§ **Activity**:
Copy out each line below verbatim, skipping any picture.

§ **Stored data**:
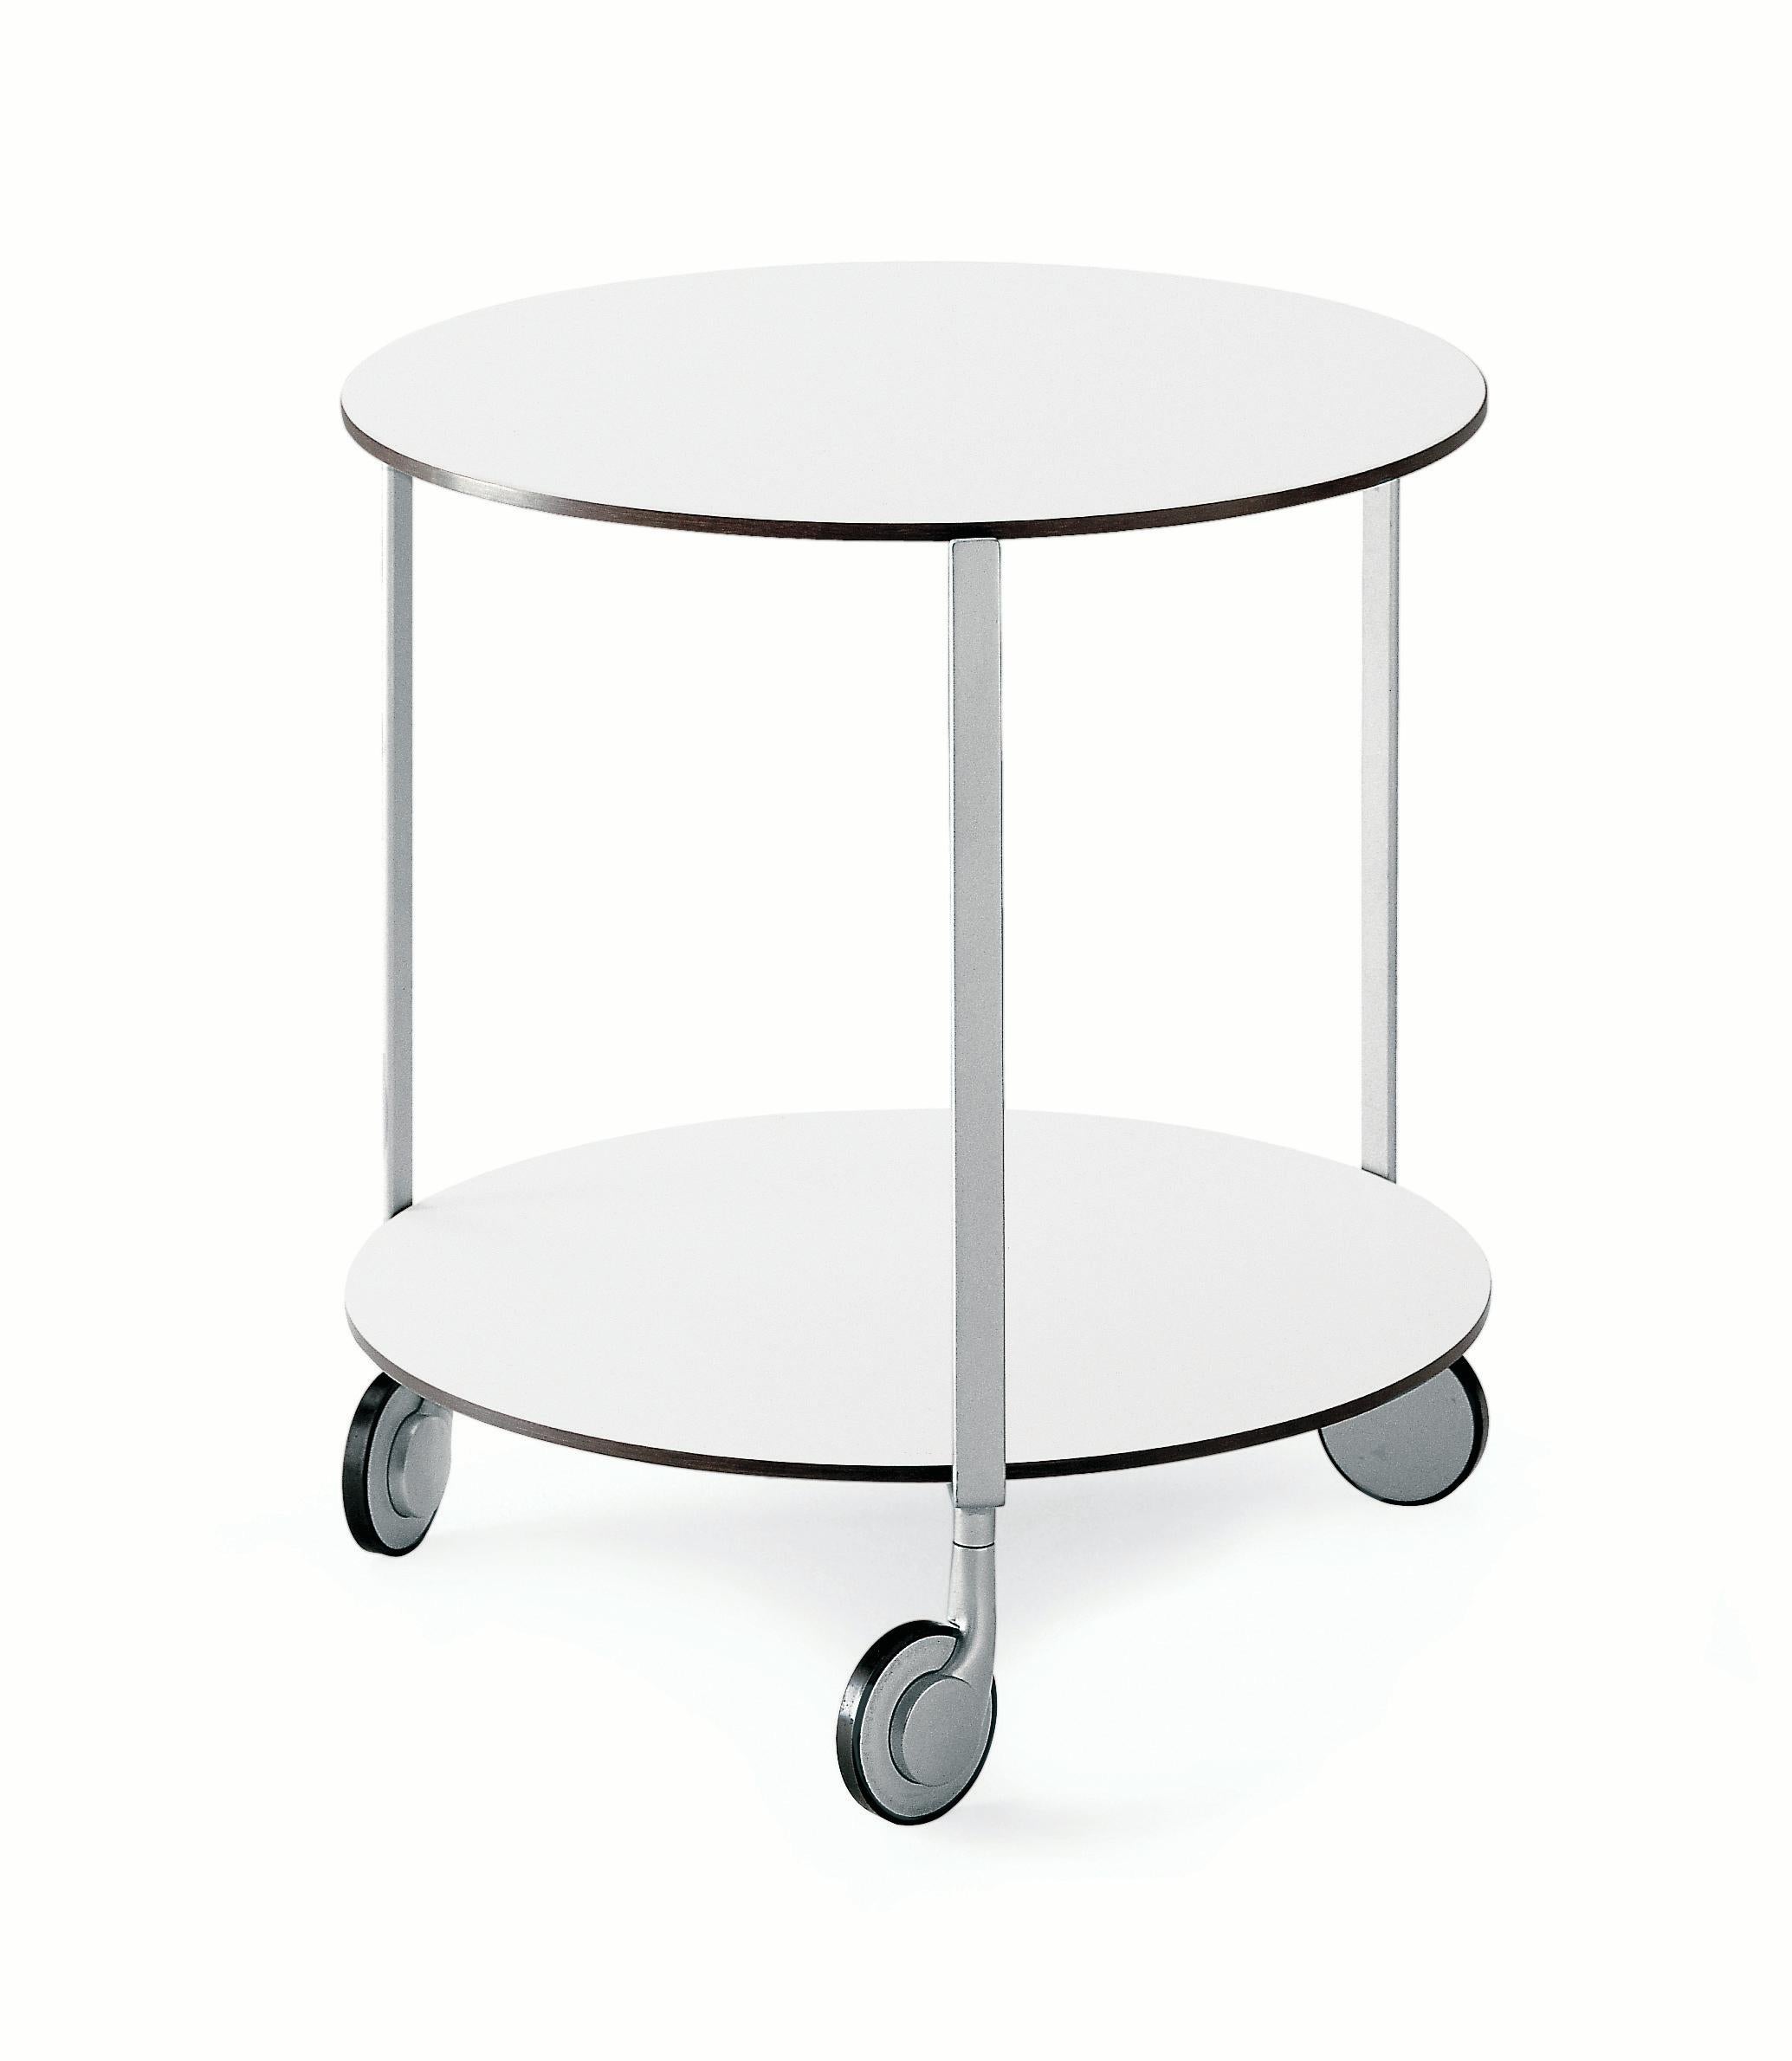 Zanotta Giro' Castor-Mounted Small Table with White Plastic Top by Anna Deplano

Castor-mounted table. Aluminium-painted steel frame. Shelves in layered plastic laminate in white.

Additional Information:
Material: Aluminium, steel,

§ **Solution to the exercise**:
 Zanotta Giro' Castor-Mounted Small Table with White Plastic Top by Anna Deplano

Castor-mounted table. Aluminium-painted steel frame. Shelves in layered plastic laminate in white.

Additional Information:
Material: Aluminium, steel,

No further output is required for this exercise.